# Dunlop or Firestone Air Suspension.



## 115746 (Aug 19, 2008)

Hello all! 
I'm really looking for any feedback as to whether to fit either the Dunlop or Firestone air suspension to our motorhome. 
The van has always been too low at the rear but I have decided to go down the route of air bags as opposed to leaf springs purely because of the fact they can be adjusted. 
Also it does seem that the air suspension is going to improve handling which would be a real benefit. 
Anyone have any views on these or other systems available? 
Price wise they are similar but I think that the Firestone version may have a longer warranty on the actual "bags"? 
Any help would be much appreciated. 

Not sure how relevant but our van is a Hobby 600 1989 LHD imported from Germany on a Fiat Ducato chassis (LWB) with a 2.5 non turbo Diesel (Iveco not Fiat) engine and column change manual gearbox. 
In it's unladen state the leaf springs are pretty much flat as opposed to their "normal" bent shape and worse, the last few inches near to the shackles are turning downwards instead of upwards!
We are hoping to get the suspension to rise around 2 or 3 inches I guess?

Thanks in anticipation 

Simon & Kerry :?


----------



## Autoquest (May 16, 2007)

http://www.marcleleisure.co.uk/store/air-suspensions-c-58.html


----------



## brillopad (Mar 4, 2008)

They are all much the same, and do the same job, that is stop the van from rolling about when you get overtaken by a lorry, they stiffen up the back and you can adjust the hight to a certain degree, iv'e got them and would'nt be without them. dennis


----------



## Roger7webster (Oct 10, 2006)

I have fitted both (to different vans) Dunlop have the better air hose connections 
Firestone have a cheaper selection of gauges 
As the previous poster mentioned Marcle Lesure is a good supplier and you can pick and mix sysems
Regards
Roger


----------



## Dougle (May 18, 2006)

Hi Simon & Kerry

I had these fitted to my 1993 Hymer [5.6m]. Improved it beyond all expectations.
>THESE<

Regards
Dave


----------



## Damchief (Oct 19, 2006)

I've recently fitted a Dunlop system from Marcle leisure.
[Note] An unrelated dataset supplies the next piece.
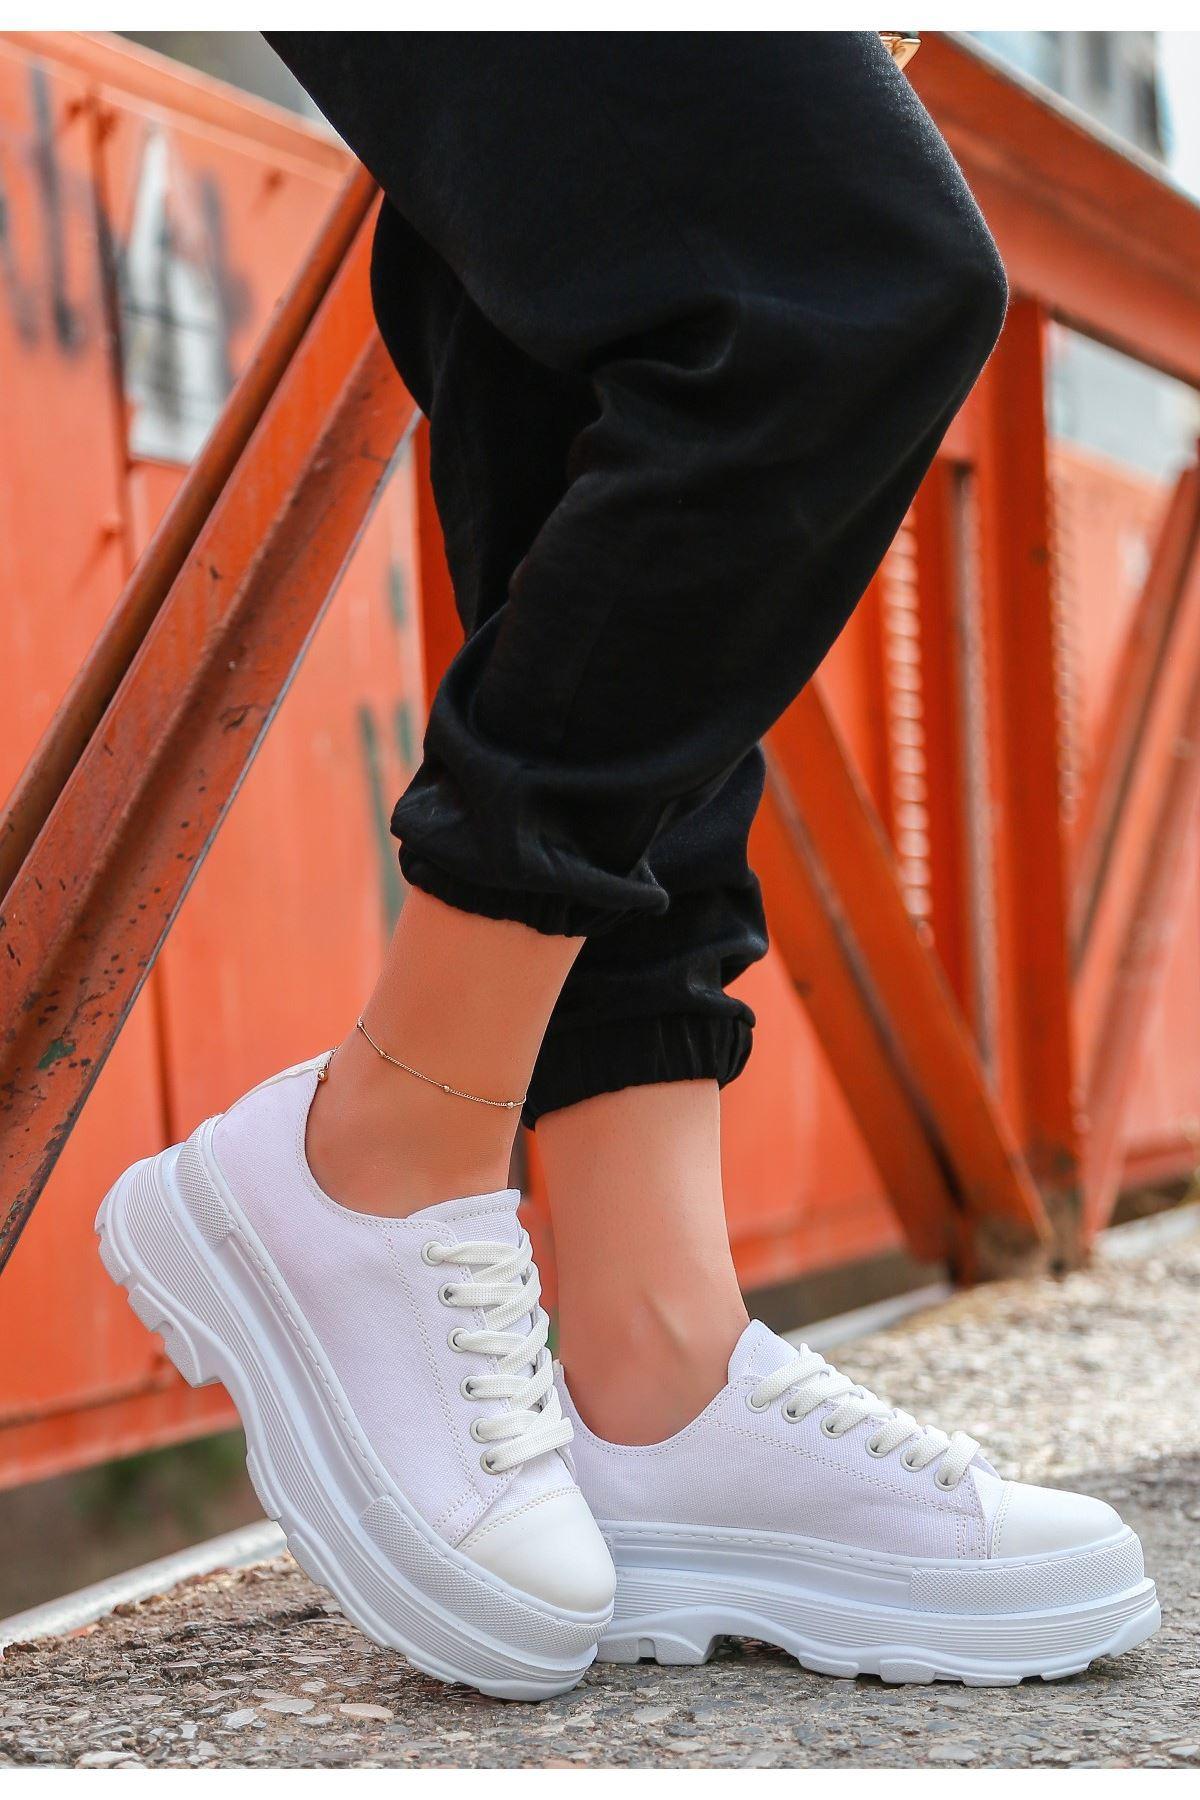 Bery Beyaz Keten Bağcıklı Spor Ayakkabı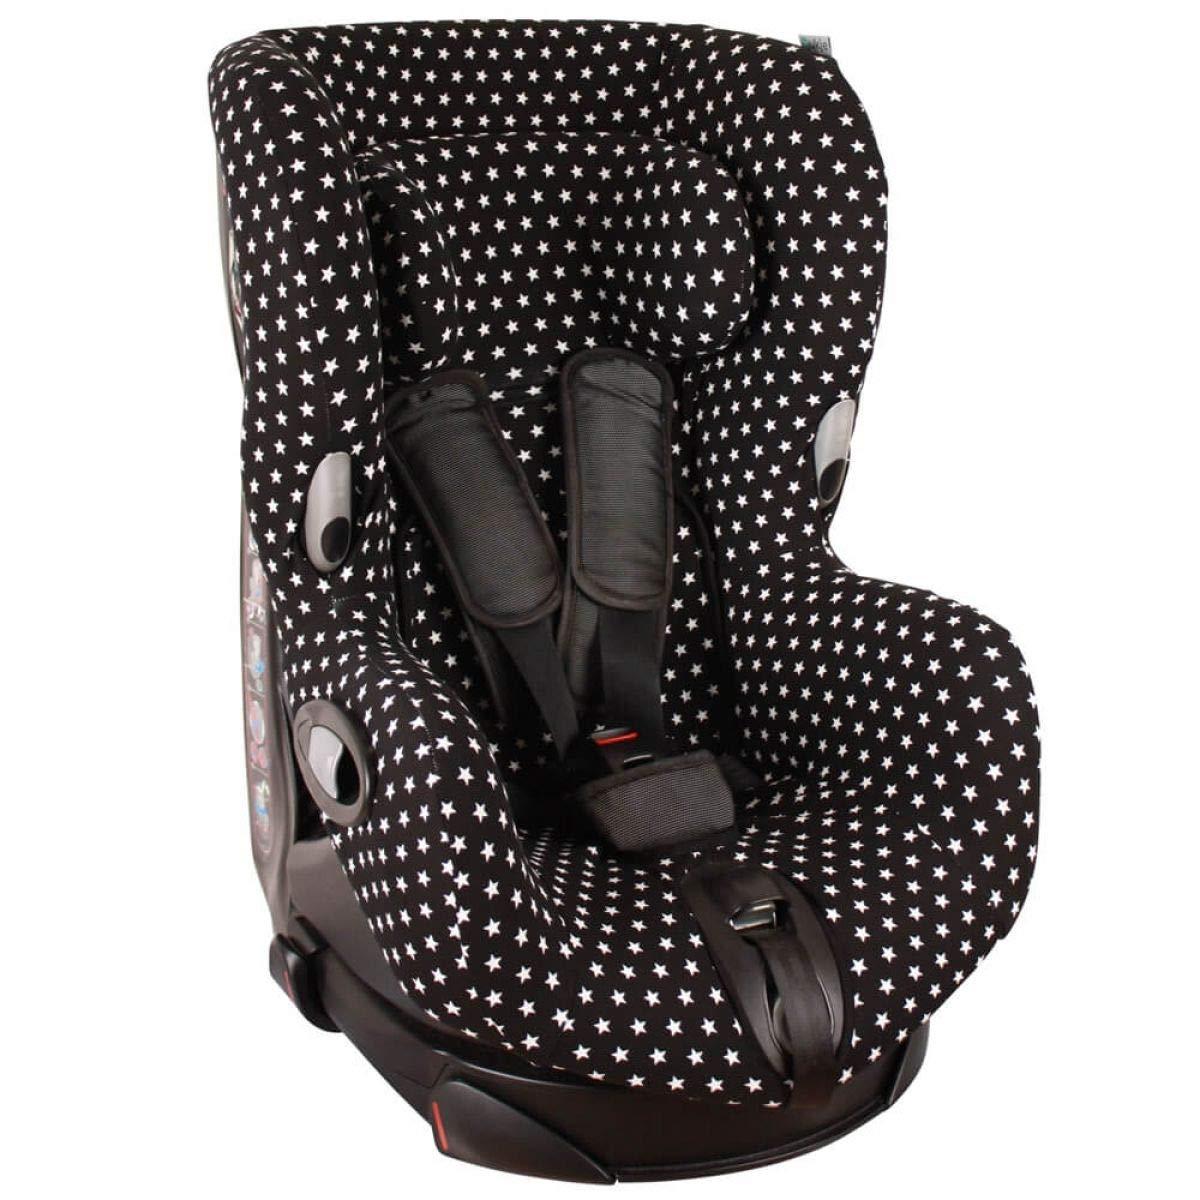 Bezug Maxi-Cosi Axiss Kindersitz /♥ Blau Sterne /♥ Schwei/ßabsorbierend und weich f/ür Ihr Kind /♥ Sch/ützt vor Verschlei/ß und Abnutzung /♥ /Öko-Tex 100 Baumwolle /♥

Good value at 300 pounds for the kit delivered. Took a bit of fitting, but am happy with the end result.


----------



## pneumatician (May 1, 2005)

*Air Suspension.*

I have fitted both to my vans and they work. 
Difficult to compare because the Chassis were very different, Peugeot and Mercedes.
It was definately quicker to fit on the Pug (Firestone) but seems more substantial on the Merc (Dunlop).
I use a single air line thro a T to the units. My theory being one strut deflating when negotiating a corner etc would be more embarassing than both.
I agree the Dunlop fittings are better.
I should shop arround as I purchased my set at a very competitive price compared with normal list.

Steve


----------



## trek (May 1, 2005)

for a horror store with a guy using firstones on a Sprinter van in the states

read this :-

http://sprinter-source.com/forum/showthread.php?t=4622&highlight=firestone

It goes on a bit - 16 pages in total

My conclusion from this was that the Dunlop design appears to be a much better system for sprinters


----------



## Damchief (Oct 19, 2006)

I also would recommend "t" ing them together as you don't want just one losing it's pressure if a fault develops.


----------